Professor: Perfect! Courage! The first word you have stumbled on that has meaning to the definition! Explain it.

Student: But Professor, I thought You would not question my definition, but simply accept it, as You Yourself said to treat You with ignorance.

Professor: Then, separately, I would like you to explain courage to me. We will continue with bravery after.

Student: You confuse me.

Professor: I am teaching you.

Student: I suppose then that I shall continue… but courage is also bravery.

Professor: So, then, do you say that they are the same thing?

Student: Yes, I do.

Professor: But courage is also a part of bravery itself?

Student: Well…

Professor: I never said I disagreed with you.

Student: Then what is the problem, Professor?

Professor: The problem is this; how can one thing be another, but also be a part of it?

Student: The same way that courage is and is a part of bravery.

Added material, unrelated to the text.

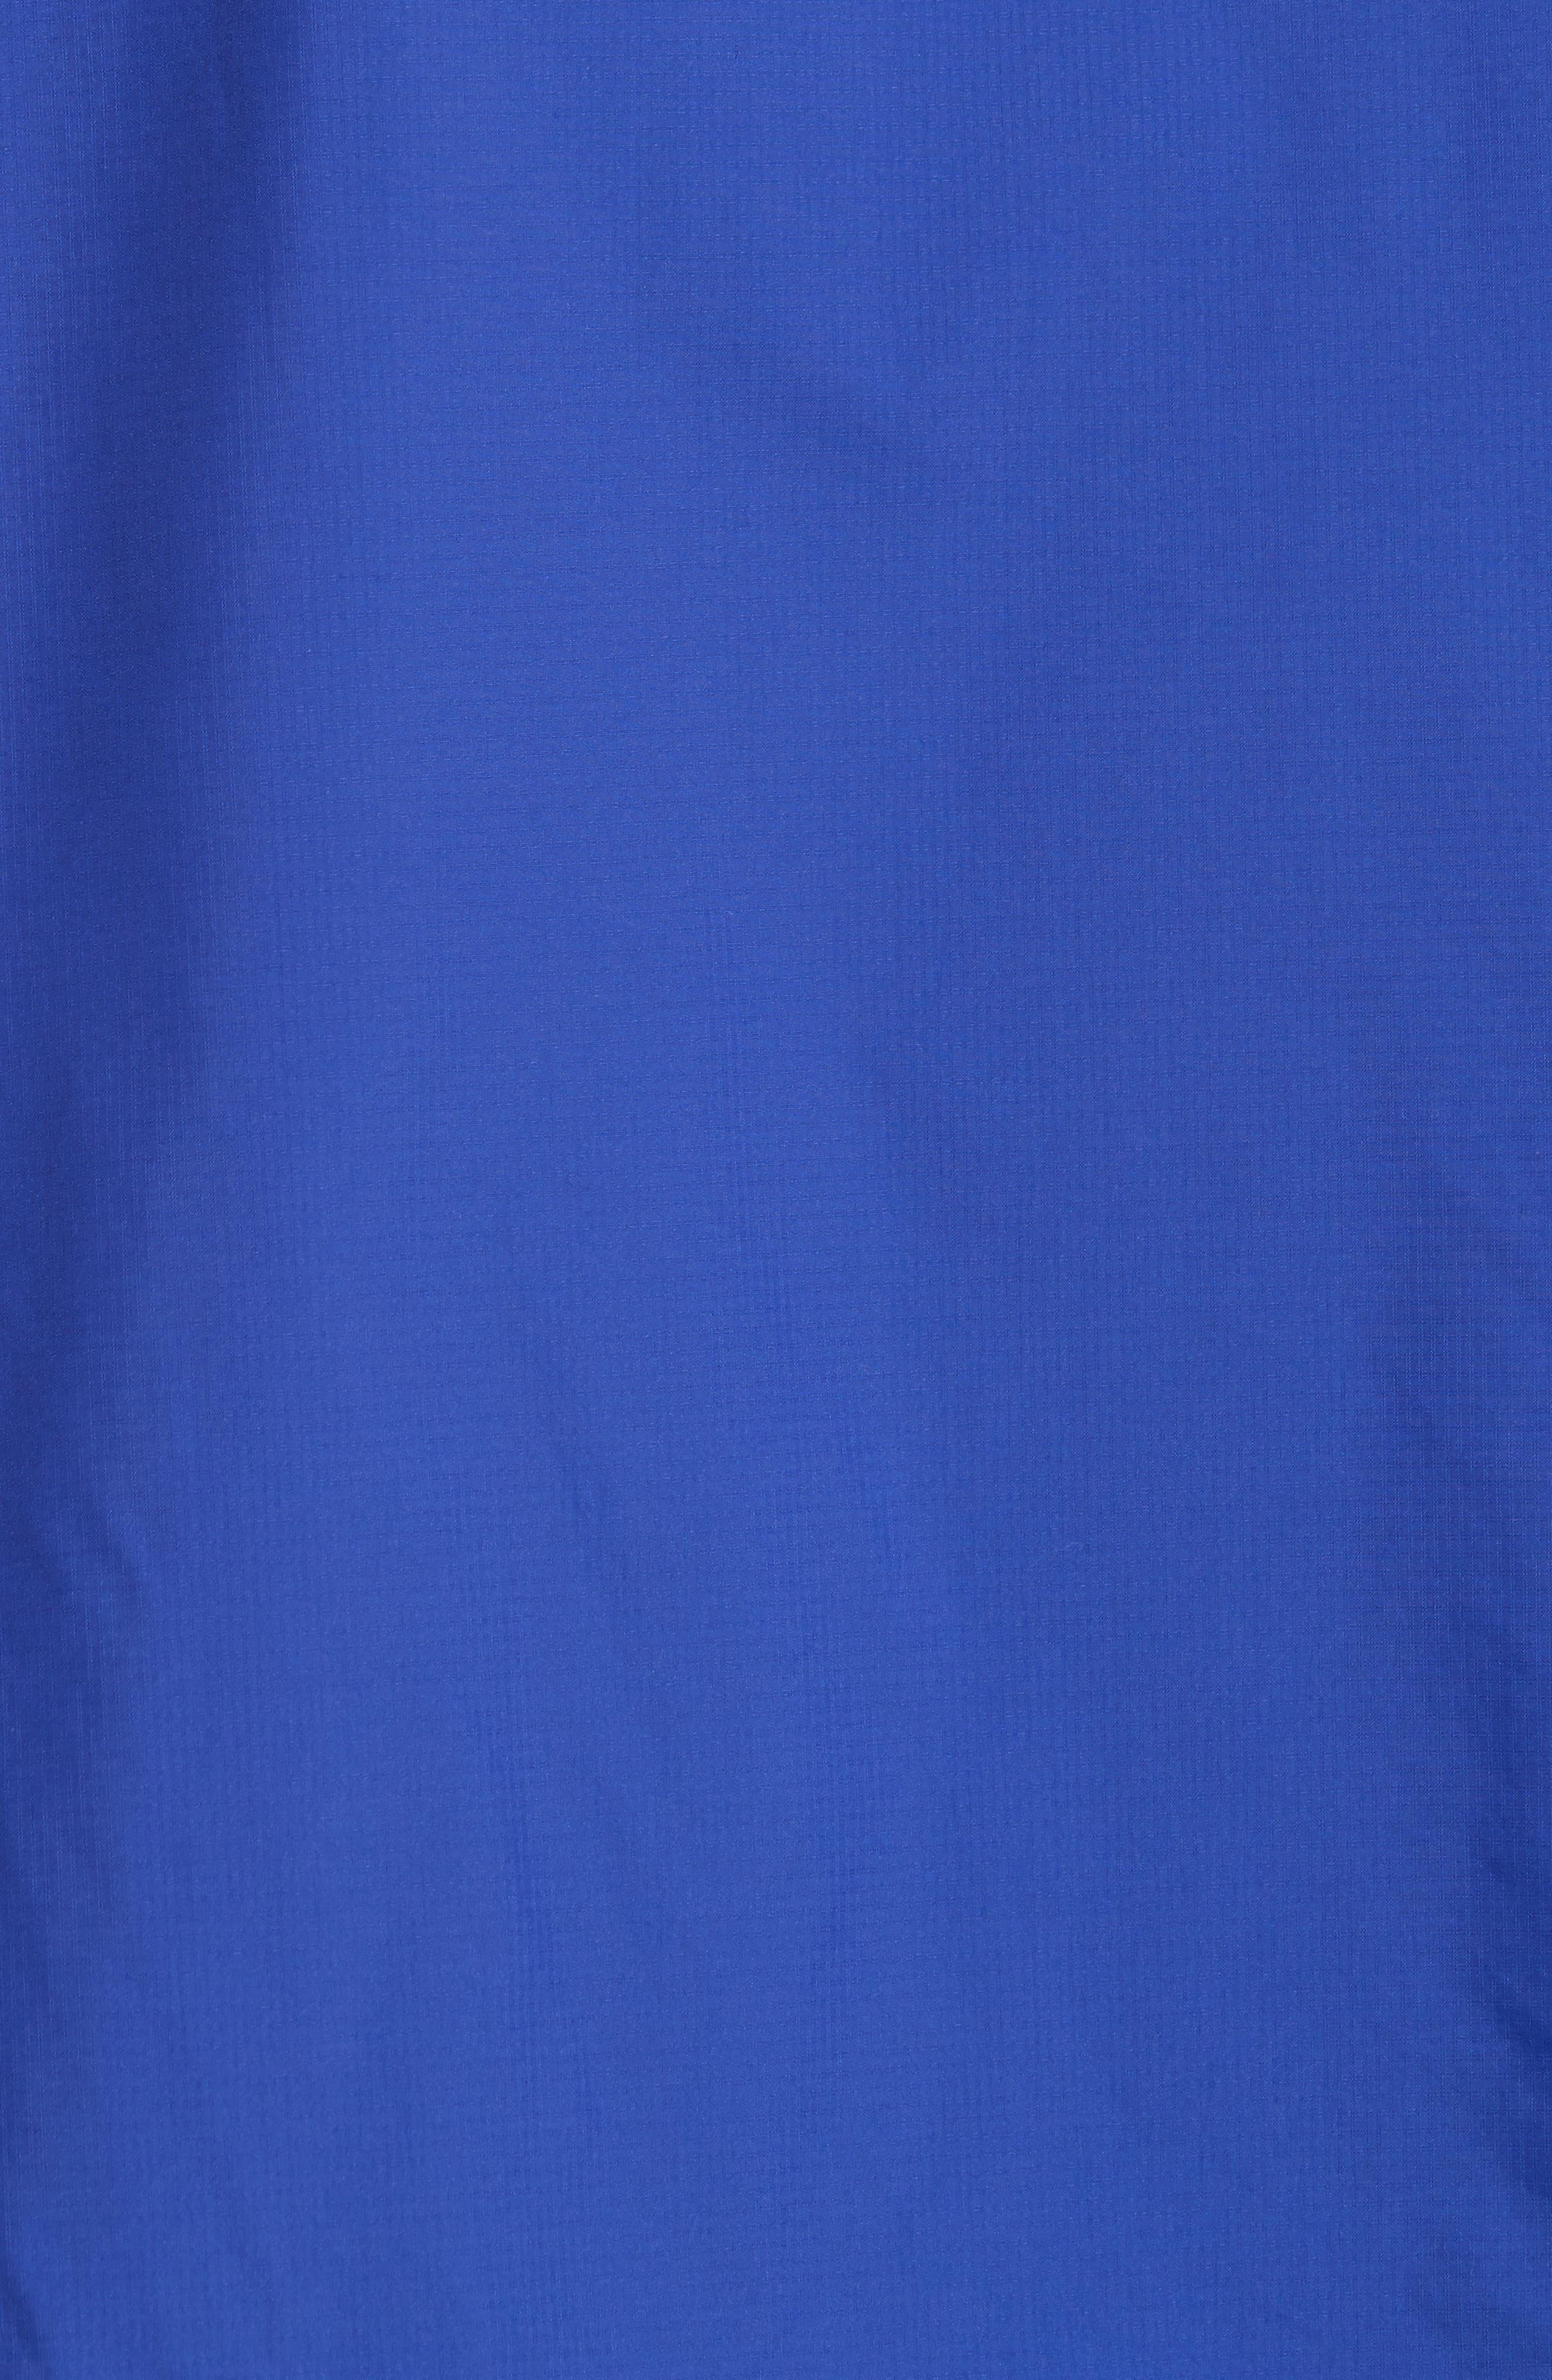 Unisex Rain Poncho,                             Alternate thumbnail 11, color,                             Lapis Blue

I do not see a problem.

Professor: You are using itself to describe, well… itself. With it also being a part of… itself?

Student: I suppose so?

Professor: That is a paradox, Pallans, and a thoughtless one at that! Pallans, how do you not understand the foolishness of such a description? It’s as if I were to describe a flower as a clump of petals, but its petals are also a part of the flower.

Student: Yet, it remains true.

Professor: That is false. A flower is a clump of petals, yes, but it also contains a stem and pollen and roots. You cannot simply ignore its other qualities simply because one overpowers the others. If you are plainly one part of a whole–or in this case have a quality of something as a whole–then does that make you said whole?

Student: Professor, you repeat yourself too many times. I find it hard to follow.

Professor: Let us go back to the example of the flower. In this case, a flower is a clump of petals, yes?

Student: Yes.

Professor: Then if I take many petals from a variety of places–one from a rose, one from a daffodil, one from an iris–and throw them all together in a pile, does that mean that I created a flower myself?

Student: No.

Professor: Why not?

Student: Because you said that a flower contains petals as well as a stem, roots, pollen… among other things.

Professor: Yes, but I also said that in this example a flower is simply a pile of petals.

Student: Then in this case, you have created a flower.

Professor: It’s settled. Now let’s compare my ‘flower’ with already existing flowers–the ones that we know of with our knowledge right now.

Student: The ones with stems and pollen?

Professor: The very same.

Student: Alright. How would you compare them?

Professor: I would notice its differences. The flower with the stem is breathing. It is alive. But the pile of petals is nothing more than a carcass.

Student: Yet, in your definition, they are the same thing.

Professor: That is true, but that is also impossible!

Student: But you just said…

Professor: Yes, I did say that they are the same thing, but just because I said it does not mean it is true! To be dead and alive and to be the same thing is yet another paradox, the definition an oxymoron, and its very existence a cause of confusion and chaos! Pallans, do you understand the problem?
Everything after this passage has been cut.